*** Source material Section Begins ***

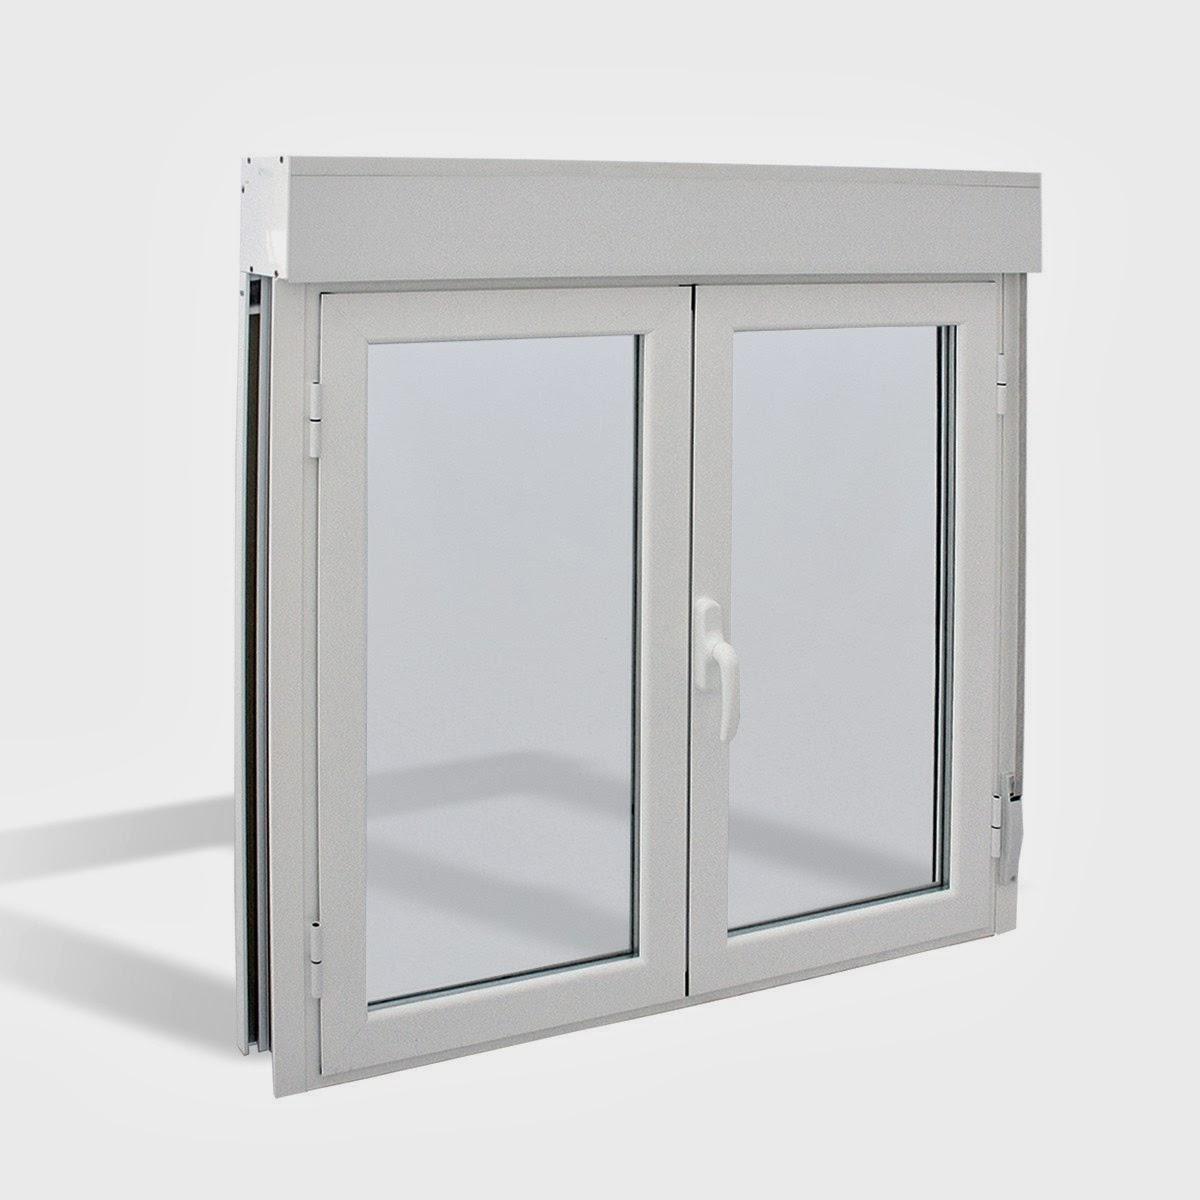 Aluminio y hierro en valencia problemas comunes en - Ventanas aluminio valencia ...
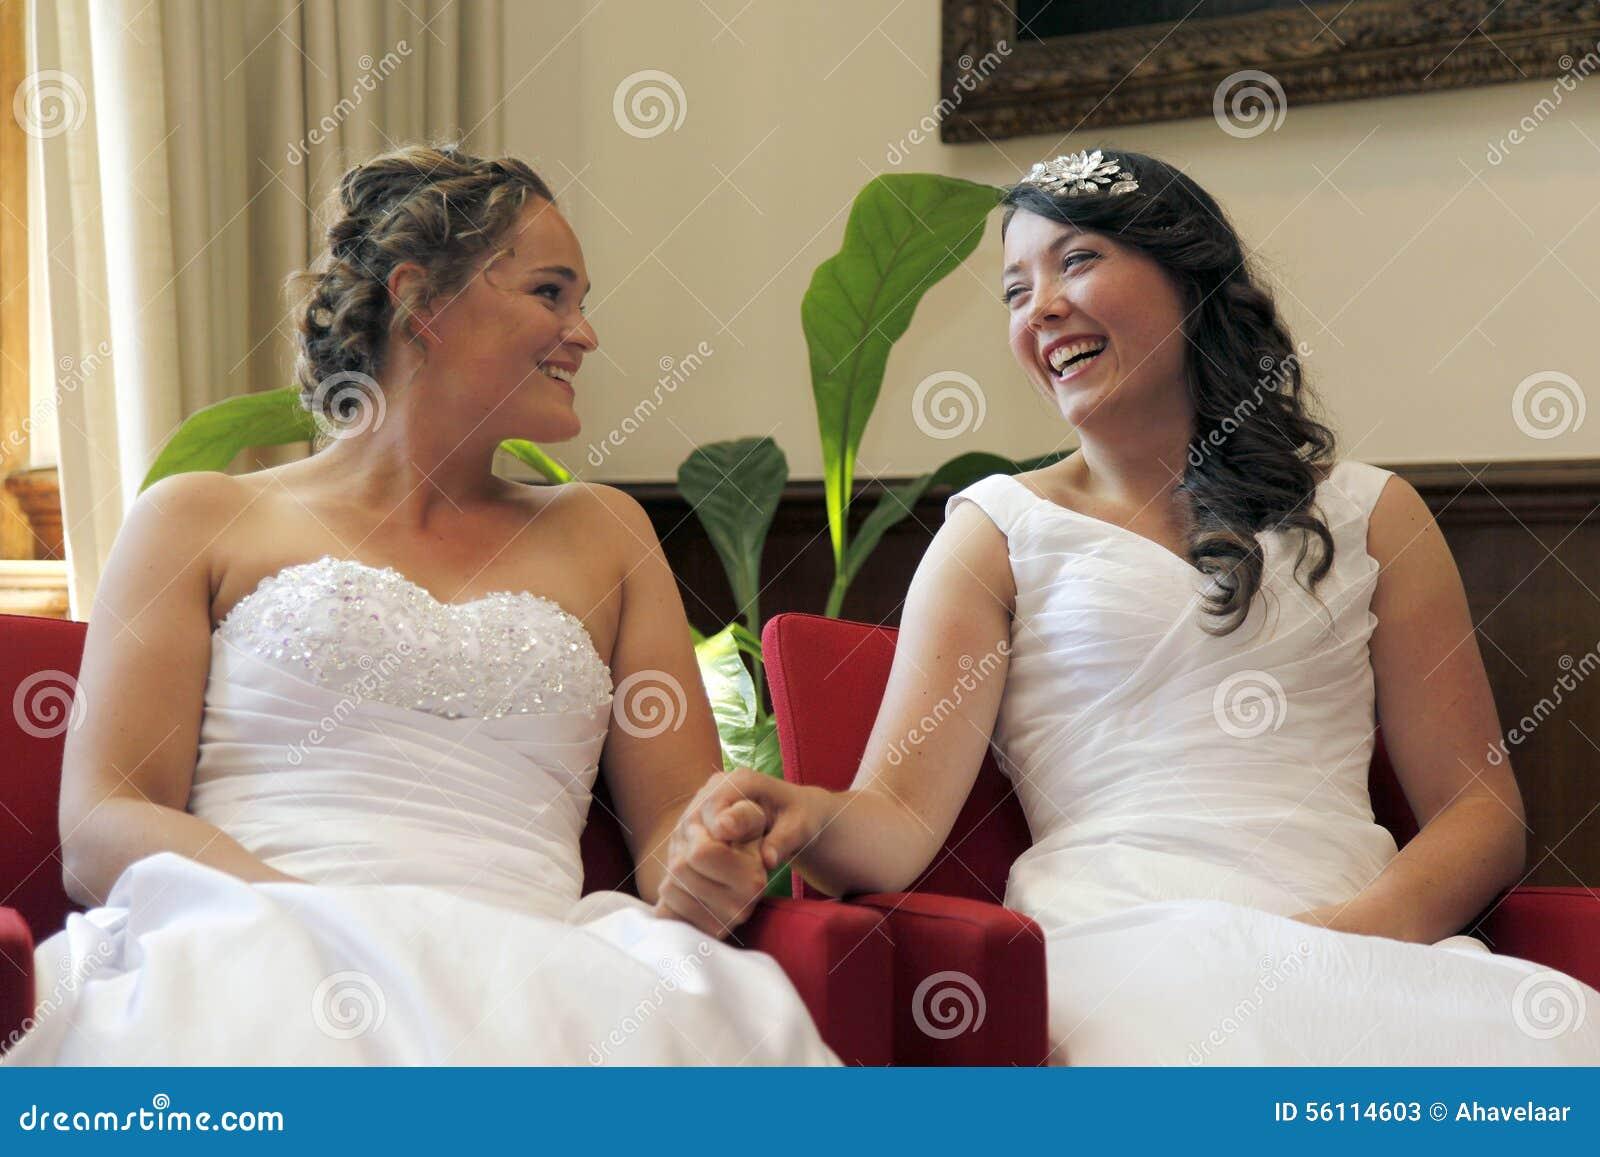 Русская группавуха с невестой, Секс с невестами: смотреть порно видео онлайн бесплатно 23 фотография
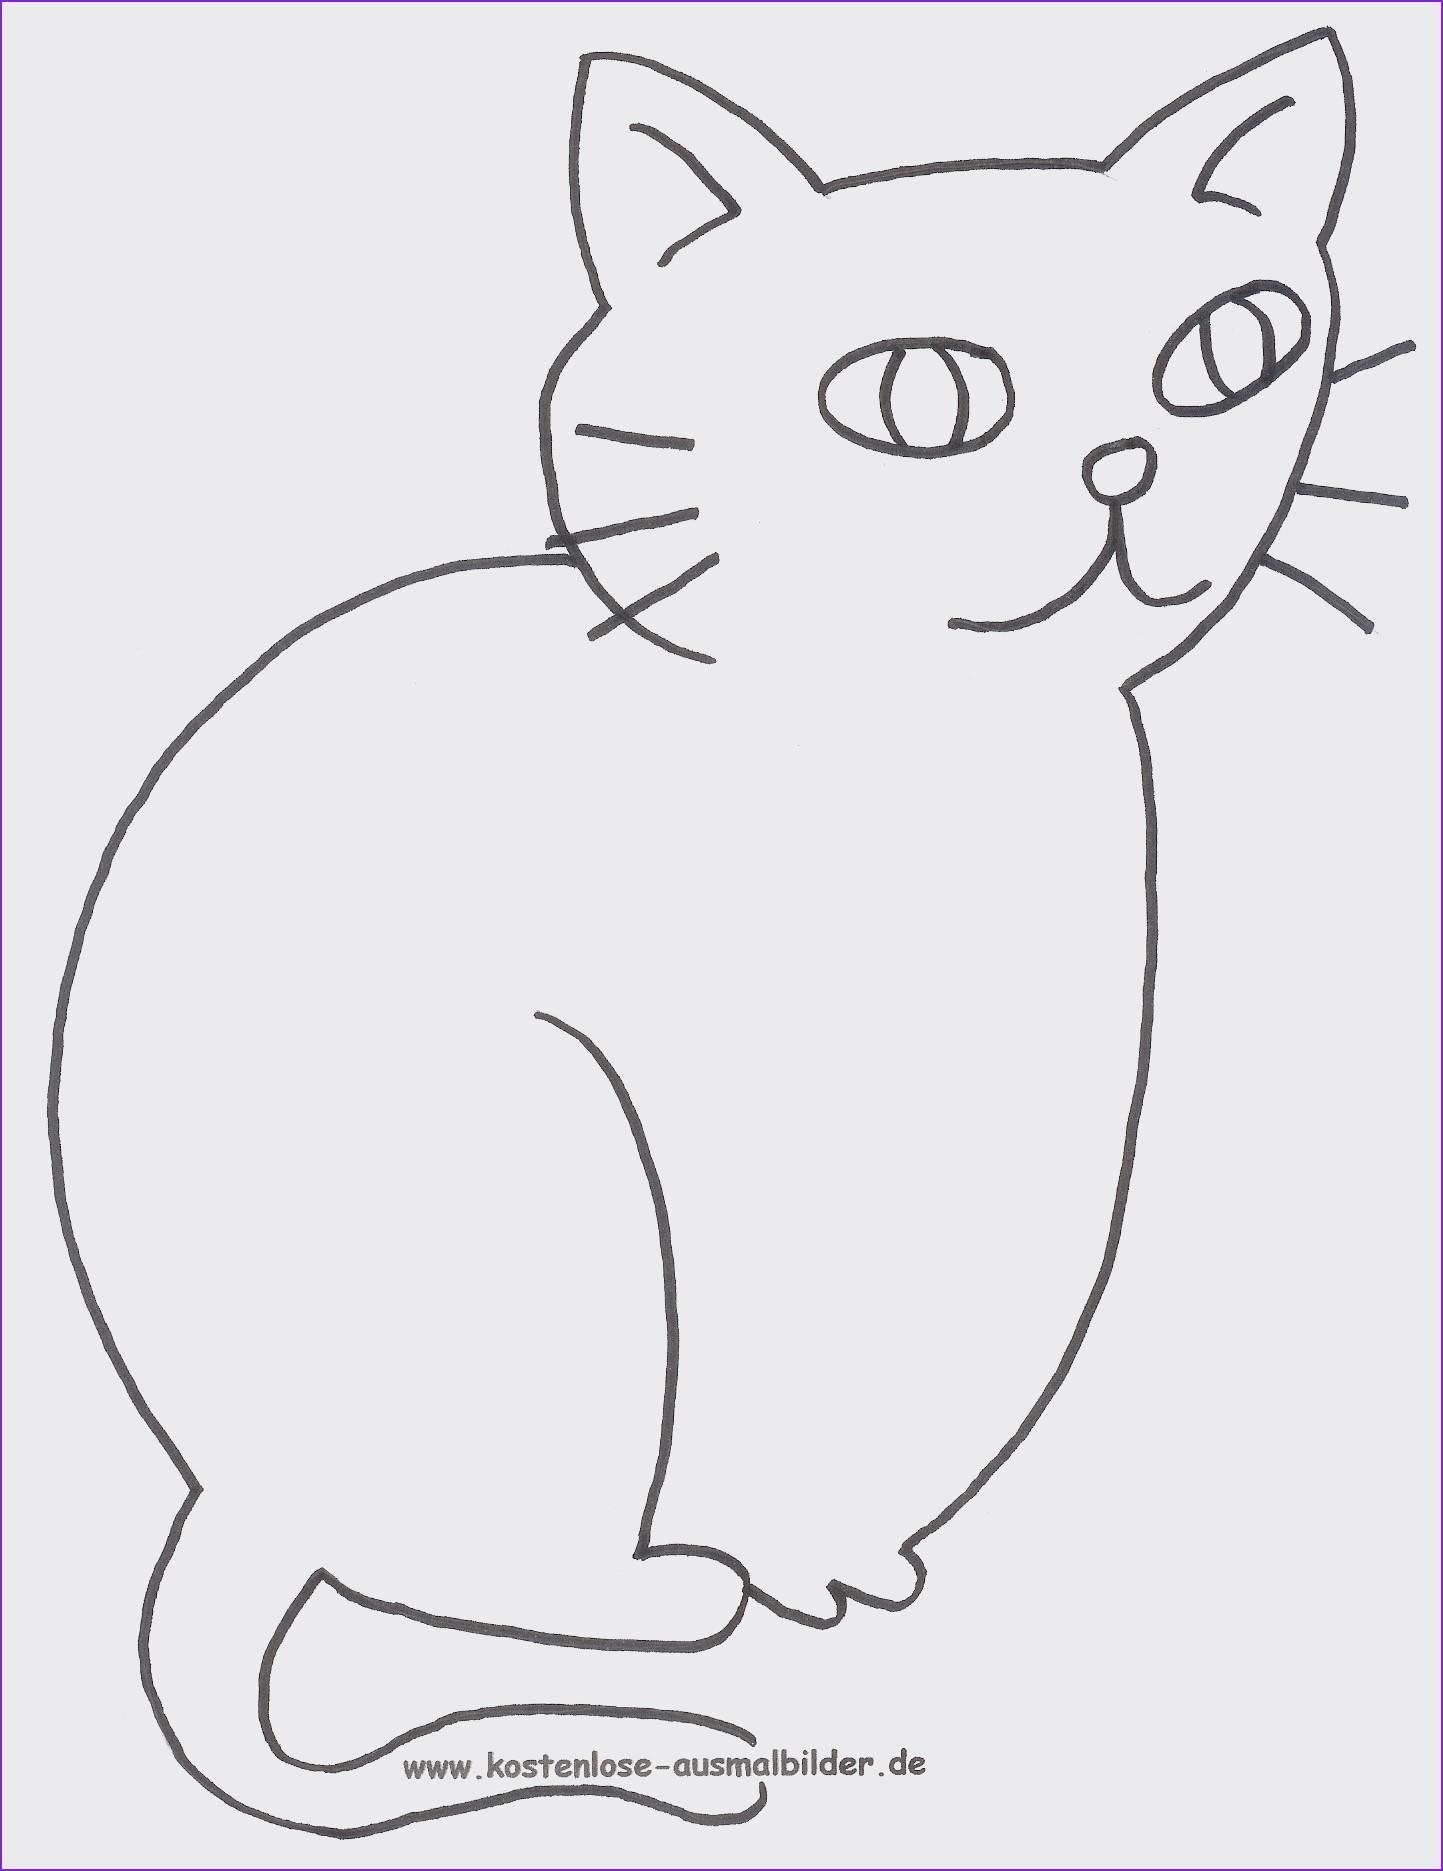 Ausmalbilder Katze Und Hund Inspirierend Beispielbilder Färben Ausmalbilder Tiere Hund Das Bild

*** Source material Section Ends ***

**Requirement:** Reproduce the lines above letter for letter. The pictures stay behind.

**Task output:**
 Aluminio y hierro en valencia problemas comunes en - Ventanas aluminio valencia ...
 Русская группавуха с невестой, Секс с невестами: смотреть порно видео онлайн бесплатно 23 фотография
 Ausmalbilder Katze Und Hund Inspirierend Beispielbilder Färben Ausmalbilder Tiere Hund Das Bild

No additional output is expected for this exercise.